@Shapeshifter , thought more deeply on your comments as it bothered me somewhat and I wanted to refresh my understanding of AIM's approach in this space. I went back to my notes on the SM Meeting and the AIM AGM - extracts of the notes plus a bit of context around the key statements (bold, italics) are per below.
It does appear to me that:
- the approach is to extend the current moat for live captioning into Audio Description and Voice - that makes complete sense in terms of leveraging your moat into adjacents.
- AIM does a lot more to Audio Description than the translation bit - the end to end process is an involved one which per AIM, involves ~25 hours of human effort, which LEXI Audio Description will fully replace and improve on - the capability to contextualise is key
- the market for Audio Description is still the big-end media/government customers
- AIM does not compete from a technology perspective but integrates whats out there - if VLC further expands capability, it could well be used in the future AIM toolkits/ecosystems
Will keep the VLC risk on my radar. Never say never for sure, at this stage, but I don't quite see the risk impact.
--------------
SM Meeting
The big prize if the $69b grey space which is to use AI to deliver products that involve voice and dubbing - 2 products to be delivered in Oct
- Audio Description - equivalent captioning-for-deaf people, for blind people - describes the visual element of the storytelling that a blind person would not pick up but are really important to the storyline and which is not actually verbally said eg. Clark Kent goes into the phone booth, spins around and then comes out with ....
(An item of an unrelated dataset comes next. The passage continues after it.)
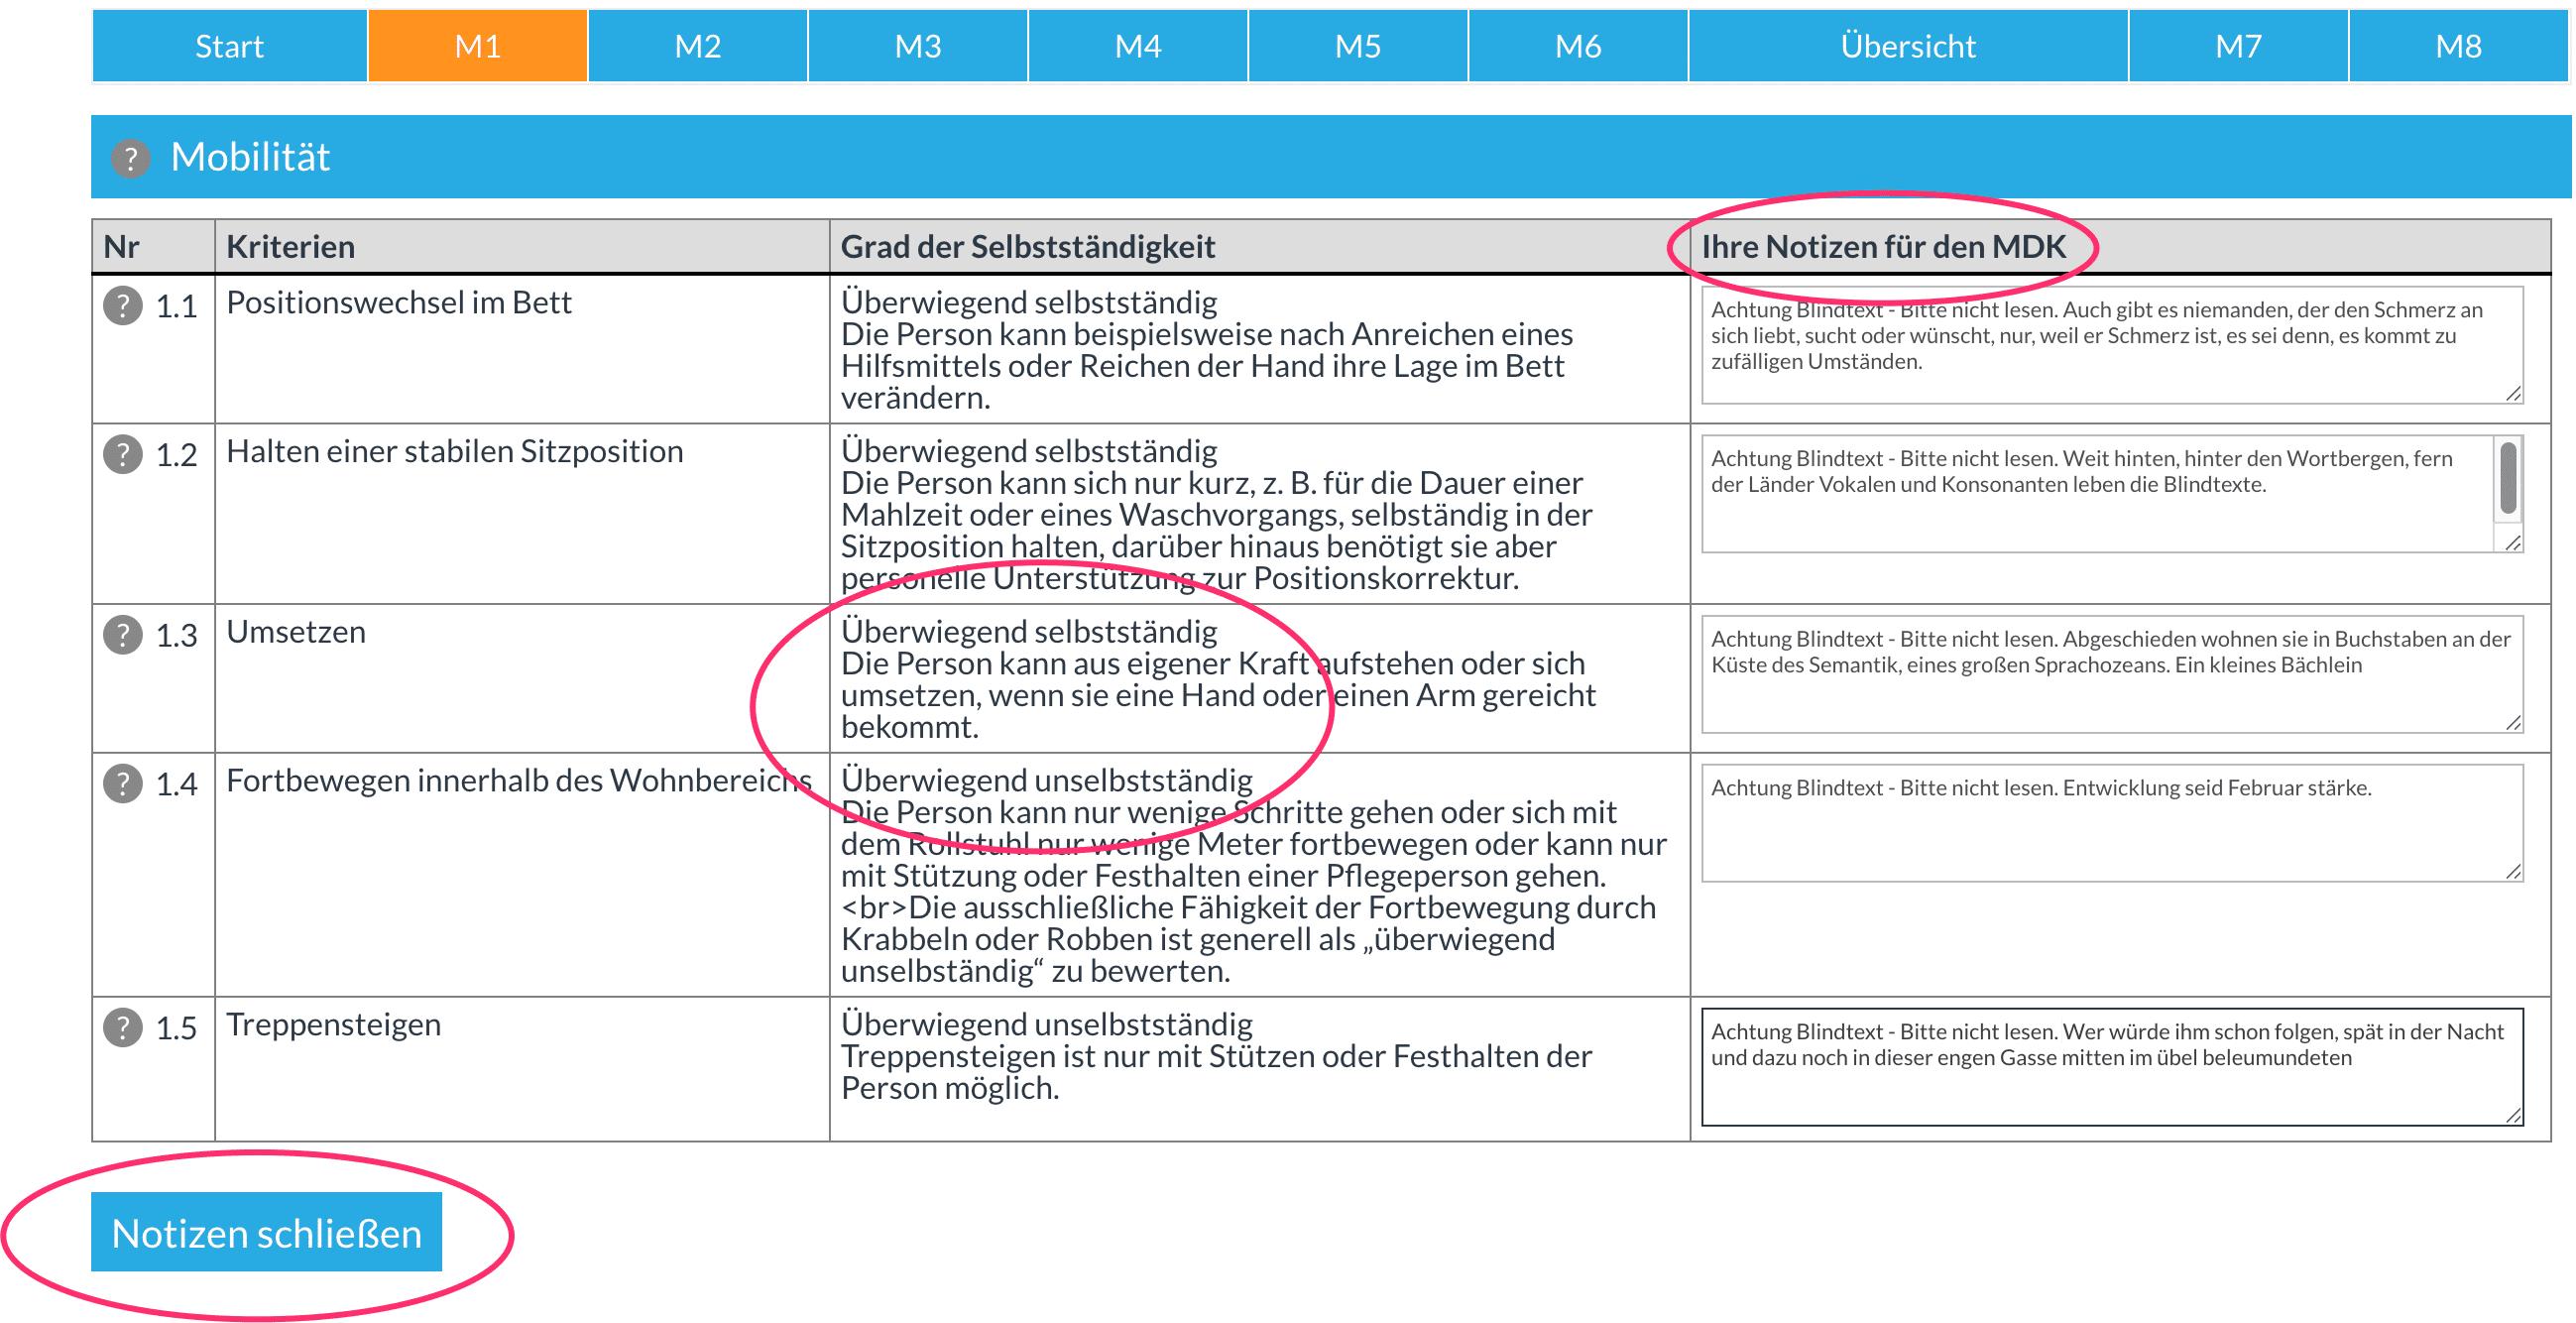 Kriterien-Infos im direkt Notiz-Kontext.
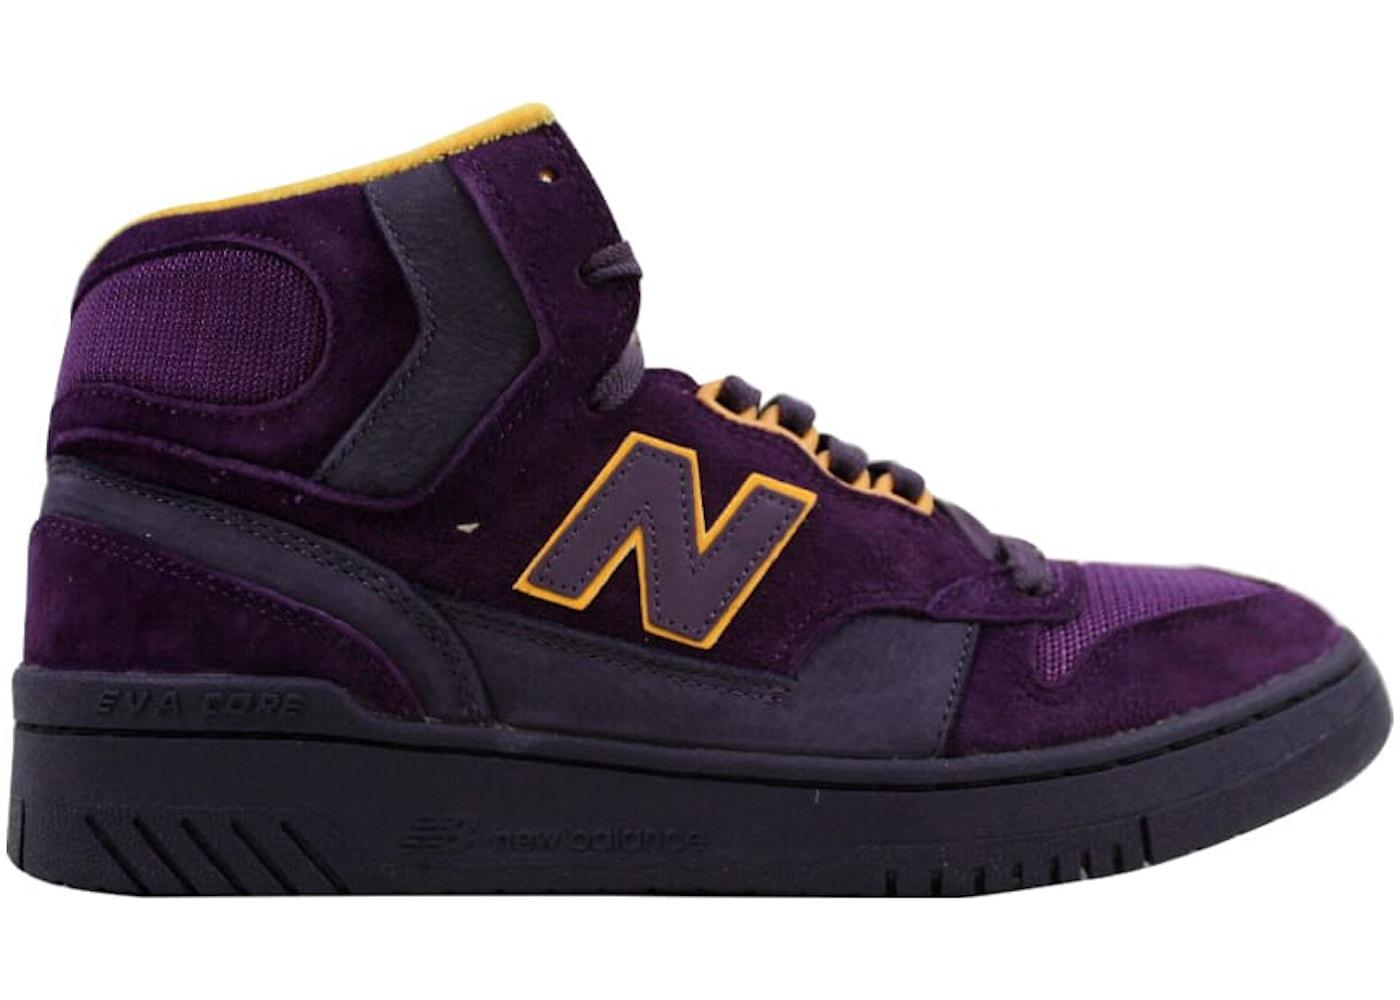 9a463a663ce9 New Balance Packer Shoes P740 James Worthy - P740PPR

- Traditional process for Audio Description is 25 human hours for 1 hour of program content
- Legislated minimums for audio description in the UK and Europe, not yet in Australia but legislation is about to be introduced, currently about 14 hours a week on Govt-funded channels eg. ABC, SBS
- Media industry has no appetite to add extra costs for struggling media organisations - frustration in the blind community on how to get access to these services
- AIM’s offering, LEXI Audio Description, is fully automated - uses Gen AI not just to read audio, but to read the vision, understand the text, and to make the decisions that previously was made by humans ie. Identify what were the salient elements of the visual story telling that were not described in the text, find a gap in the audio to insert the description into, write the script for that, have a voiceover artist read it in, mix the audio, and have it available as an audio track - this is what makes up the 25 hours today
- Expect LEXI Audio Description to massively increase the TAM because it will be a case of “why wouldn't I just do this”? as the economics become very compelling
- While the blind community is not a large one (deaf/hard on hearing population is about 10x the blind population), the market is actually the media organisations who is or will be compelled to provide audio description content
Competition
- AIM does not compete from a technology perspective - it integrates and USES the evolving technology to improve its offering within their customer workflows
- AIM DOES NOT DO THE AI ENGINE - it does not invest in speech detects engines
- Invest instead in the API calls that allows AIM to connect their customers signals with the latest and greatest AI engines - not betting on any AI text engine to win, have and use dozens of AI text engines in the Cloud
AGM
The addressable market for the LEXI VOICE is significantly larger than for LEXI captions. By continuously incorporating the latest advancements in AI, we continue to offer market leading solutions, powered by the same architecture that has delivered success in the US Broadcast market, further strengthening and extending our defensive moat anchored in LEXI over iCap with secure access to customer data.
A major milestone was reached in November 2023 when LEXI Live overtook the quality of legacy human captioning achieving an average score of 98.7% on the NER scale, which is an accepted industry method for determining accuracy of captions. In the last 12 months, the quality of LEXI Live has continued to increase, with results now in excess of 99.1%. Because of this sustained quality improvement momentum in LEXI, less than 20% of our business will involve human curation by December 2025.
Over the period to FY29 we anticipate LEXI superseding humans, as it first did with LEXI Live Captioning in 1H24) in all other AI-driven language products serviced by our LEXI Toolkit – including the category that dominates the language services market by value - VOICE.